TIPS FOR SAFE MUCK DIVING

  • Do not touch anything. The advice of never touch marine species that you have to apply in every dive is more important than ever when muck diving. Both for the safety of animals and your own, under no circumstances you should touch any animal. A lot of species that live here contain powerful poisons.
blue ringed octopus
Don’t try this at home! Pic by Stephen Childs
  • Use a rod to stabilize. Although it seems that the sandy bottom is uninhabited, there are many animals that hide under the mud. Do not lean on the bottom and always keep good buoyancy. Although you wear diving gloves, the poisonous stings of a devil fish or scorpion fish, for example, can cross the fabric of the glove and give you a good scare. The best way to stabilize yourself is to use a thin stainless steel rod, known as pointers, that do not damage the environment and stabilize you when need it.
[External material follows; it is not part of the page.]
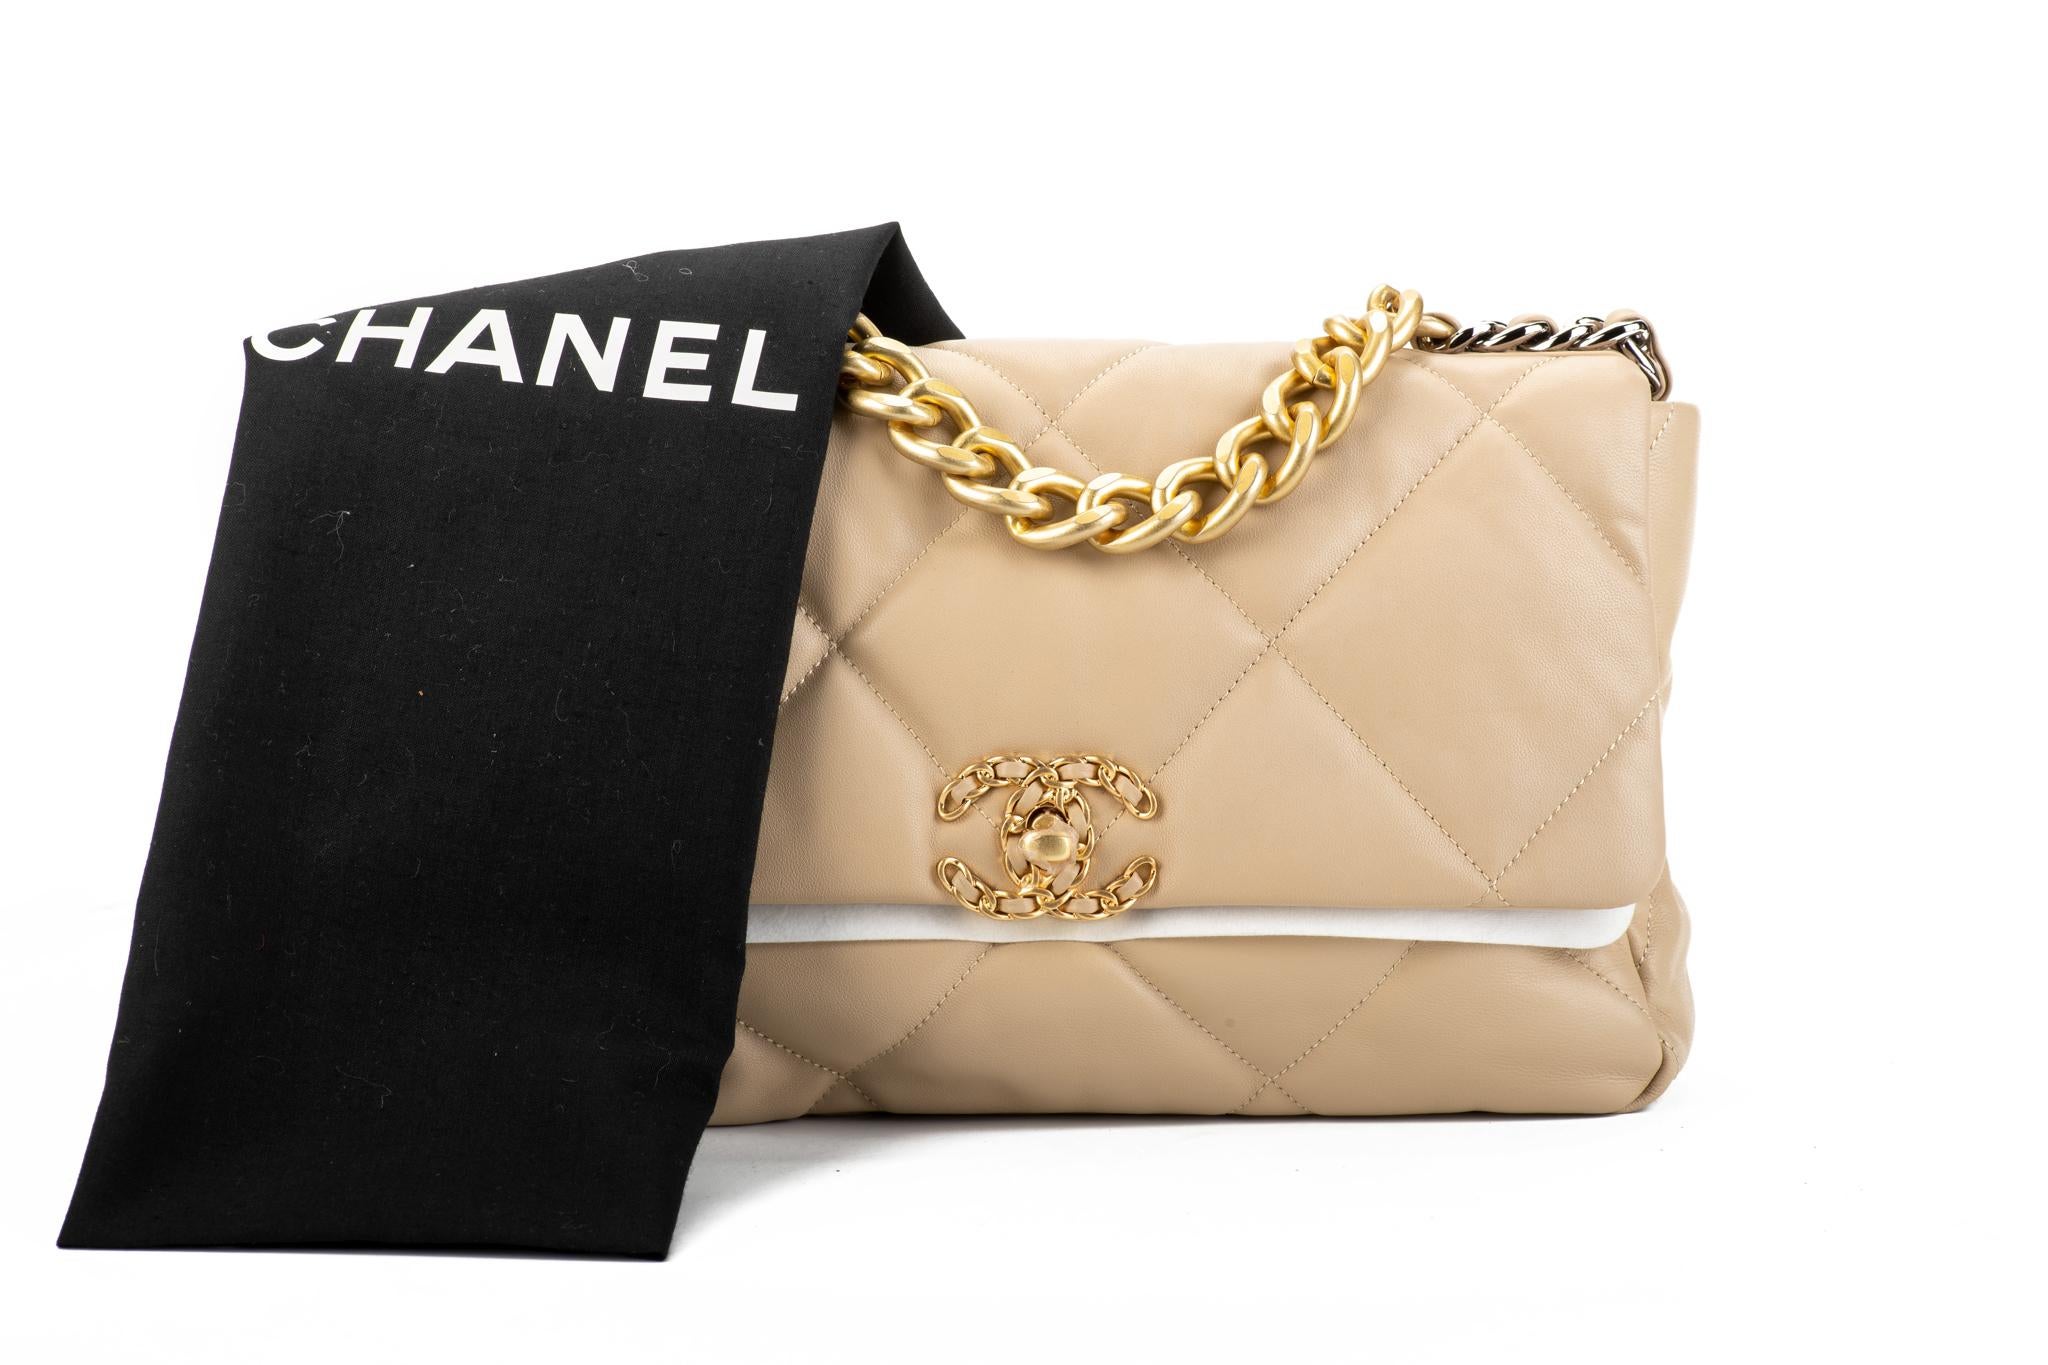 Chanel sold out worldwide

  • Keep your head close and fins away. And never flap near the bottom. The best position is to keep the head near the bottom, fins away and wait a safe distance to flap. That way you won’t hurt animals or lift up the slime complicating visibility.
  • Anchor well your accessories. This advice that applies to any diving area is very important in areas of muck diving. Neither regulator, camera, no anything else must touch the bottom.
  • Beware the camera flash. These animals are used to low light conditions. Repeatedly directing camera flash to their eyes can disorient and blind them for seconds. Do not abuse the light elements, we do not like it either.